WORK ITEM: Your reply must contain the lines from the one with "Natural Population Growth" through the last line of the material, exact and complete, with no pictures and no other text.
STORED DATA: Begin
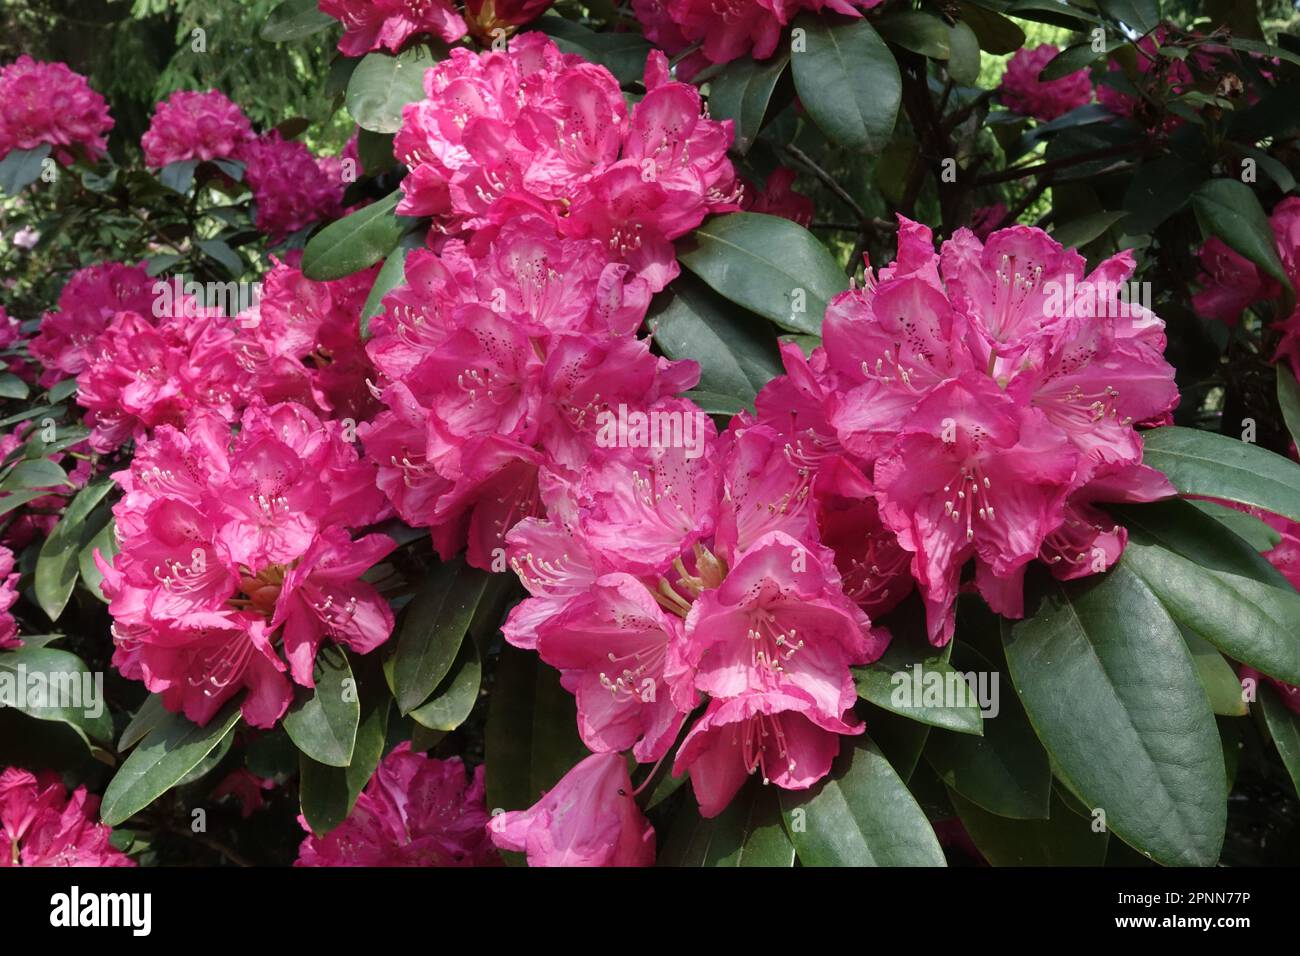 Flowering Rhododendron 'Pelopidas', Rose Colour, Bloom Stock Photo
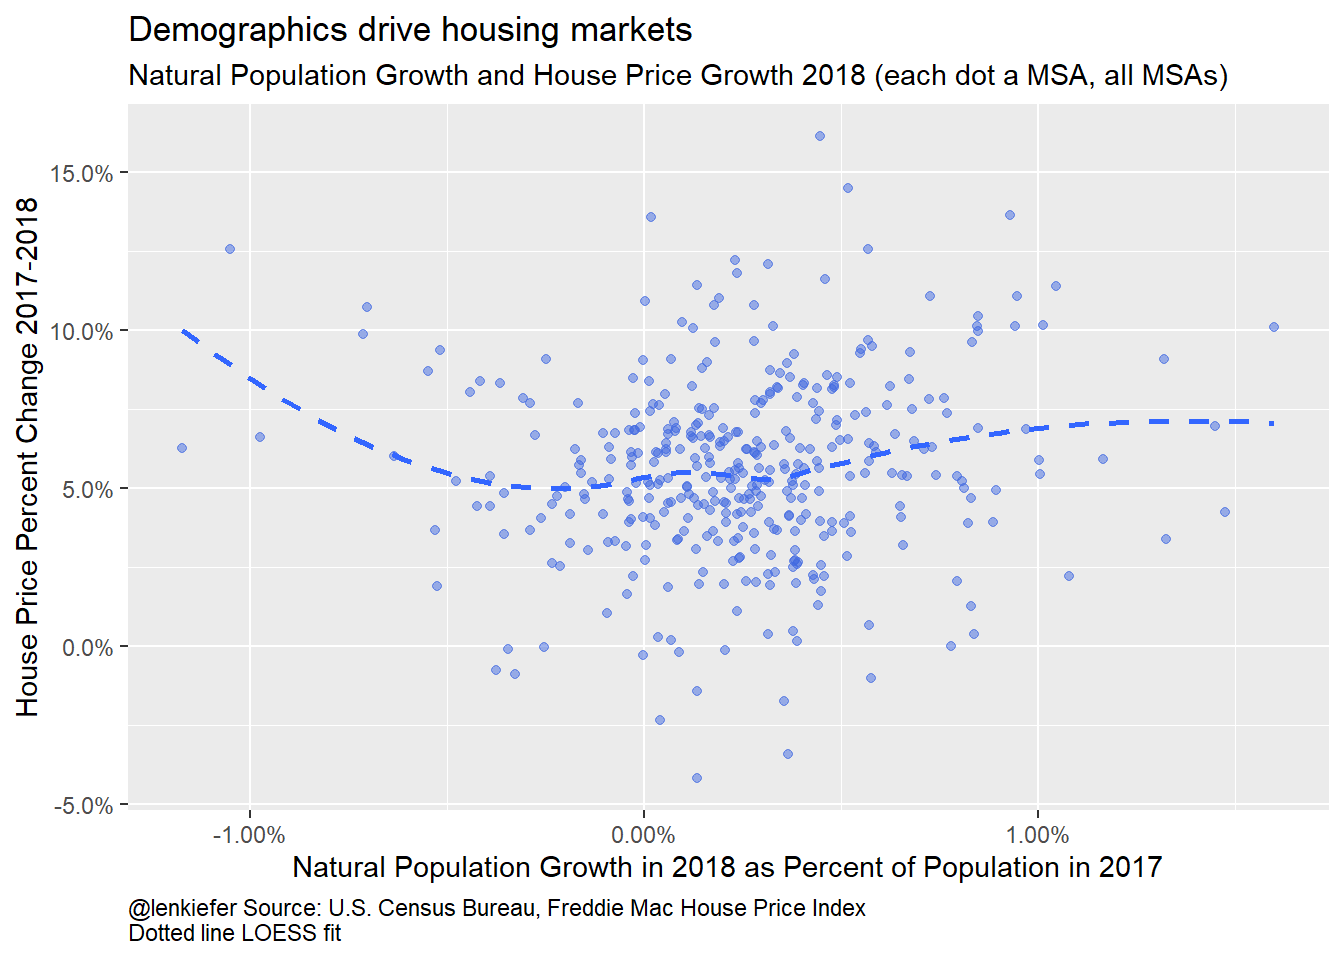 Natural Population Growth and House Price Growth 2018
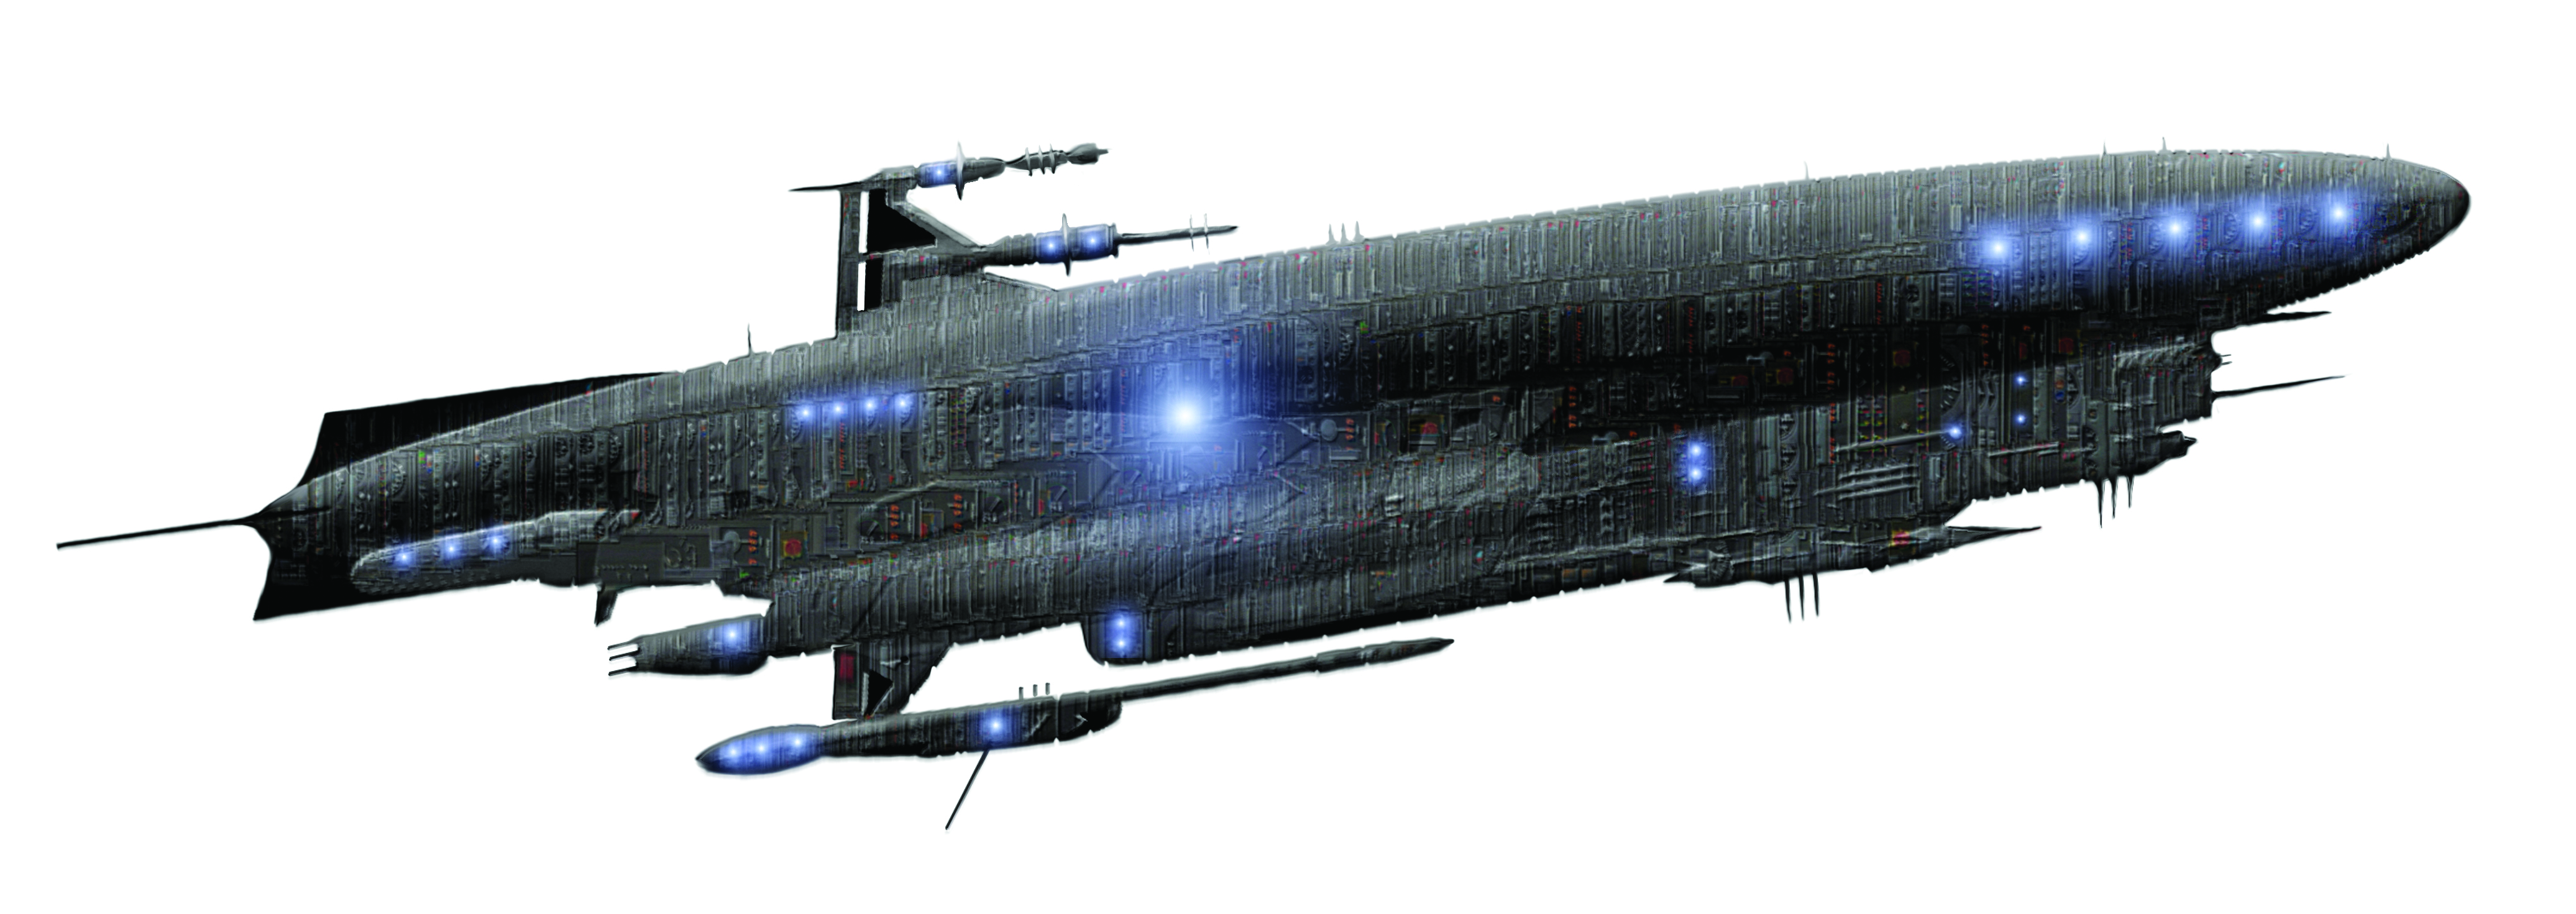 . Hdpng.com 2.15%, /images/spaceship.jpg - Space Ship, Transparent background PNG HD thumbnail
STORED DATA: End
EXERCISE SOLUTION:
 Natural Population Growth and House Price Growth 2018
 . Hdpng.com 2.15%, /images/spaceship.jpg - Space Ship, Transparent background PNG HD thumbnail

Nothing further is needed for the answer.